It took a while, but Wizards of the Coast’s corporate masters are finally setting about ruining a perfectly good product. The full scoop is available on that there GR page, featuring an eloquent anonymously-posted comment signed “Ryan Dancey.” The relevant chunk of the revised D20 STL is included below – basically, WotC may deny you the use of the D20 logo if your product doesn’t meet their standards of “decency.”
From the D20 System Trademark License:
4. Quality Standards
The nature of all material You use or distribute that incorporates the Licensed Articles must comply with all applicable laws and regulations, as well as community standards of decency, as further described in the d20 System Guide. You must use Your best efforts to preserve the high standard and goodwill of the Licensed Trademarks. In order to assure the foregoing standard and quality requirements, Wizards of the Coast shall have the right, upon notice to You, to review and inspect all material released by You that uses the Licensed Articles. You shall fully cooperate with Wizards of the Coast to facilitate such review and inspection, including timely provision of copies of all such materials to Wizards of the Coast. Wizards of the Coast may terminate this License immediately upon attempted notice to you if it deems, in its sole discretion, that your use of the Licensed Articles does not meet the above standards.
Rather than pissing down WotC’s leg, it seems to me that more folks ought to direct their ire at Anthony Valterra. WotC was perfectly happy to remain hands-off, with minor course corrections in the OGL, until Valterra decided to take a huge, steaming crap right in the middle of the d20 market.

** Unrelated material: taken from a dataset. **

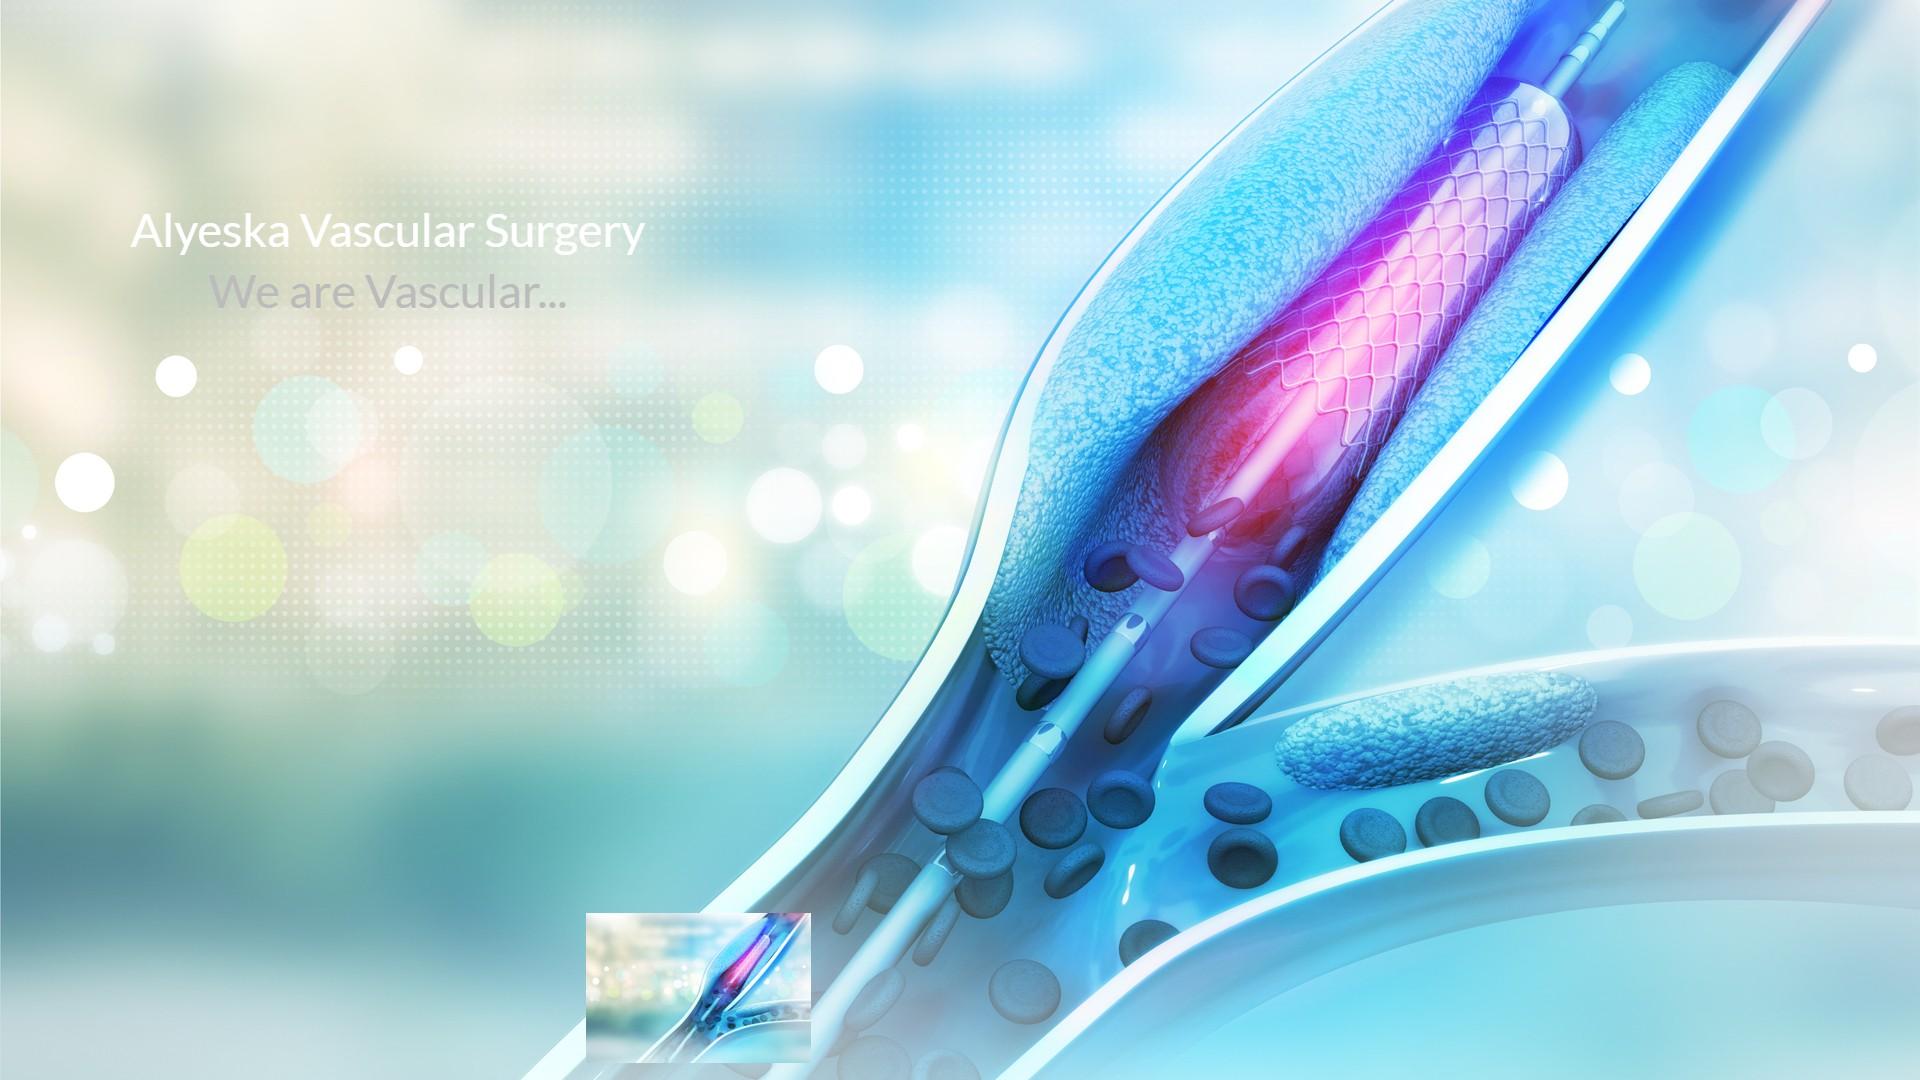 Alyeska Vascular Surgery LLC | LinkedIn

Perceived demand or not, he’s made an embarrassment of the entire d20 arm of the roleplaying industry, and abused the spirit of the OGL while ostensibly obeying the letter.
“abused the spirit of the OGL”???
The “spirit” of the OGL is for people outside of TSR to expand the game in ways that either they never thought of or that Hasbro wouldn’t deem commercially vaible enough to publish. Seems to me that’s exactly what Valterra is doing. There are a tremendous number of gamers who are at or above the age of majority for their geographic region. If the product is not to your taste, don’t buy it; there’s no reason that decision should limit others’ choices.
And while we’re on the subject, isn’t it a little premature to pass judgement on a product that hasn’t been released yet? Or is that just me being too hippy leftist?
There’s a preview available, plus ample discussion of the product by Valterra and those who’ve seen material (links available at Valar’s site). I’d consider that an ample basis from which to draw solid conclusions concerning the product.
I suggest you read my complete comments at Roll the Bones (http://www.thecreativeguy.com/bones/), if you’d like to see how the “[i]f the product is not to your taste, don’t buy it” argument simply doesn’t wash.
Yes, yes, thank you, your holiness for dictating to me what I should and should not want to read, should and should not be able to read, and what others should or should not be able to produce.
Now, if you’ll excuse me, I’m strolling to the corner to smugly smirk with that “I told you so” expression.
I don’t think you can lay the blame soley at ol’ Anthony’s feet, since WotC started the whole “mature content” thing with their Book of Vile Darkness – which was an *official* D&D product. Now they’re having to reap what they’ve sown. Unfortunately, every single d20 publisher will be paying the price right along with them. Personally, I’m not interested in this kind of product, no matter WHO it’s from. But the true ramifcations of the situation are far greater than most people realize. Because once this little alteration is in place, WotC will effectively have carte blanche to approve or deny ANY product from someone other than themselves, all under the pretense of “Quality Standards” – and that is a risk no publisher can afford to take.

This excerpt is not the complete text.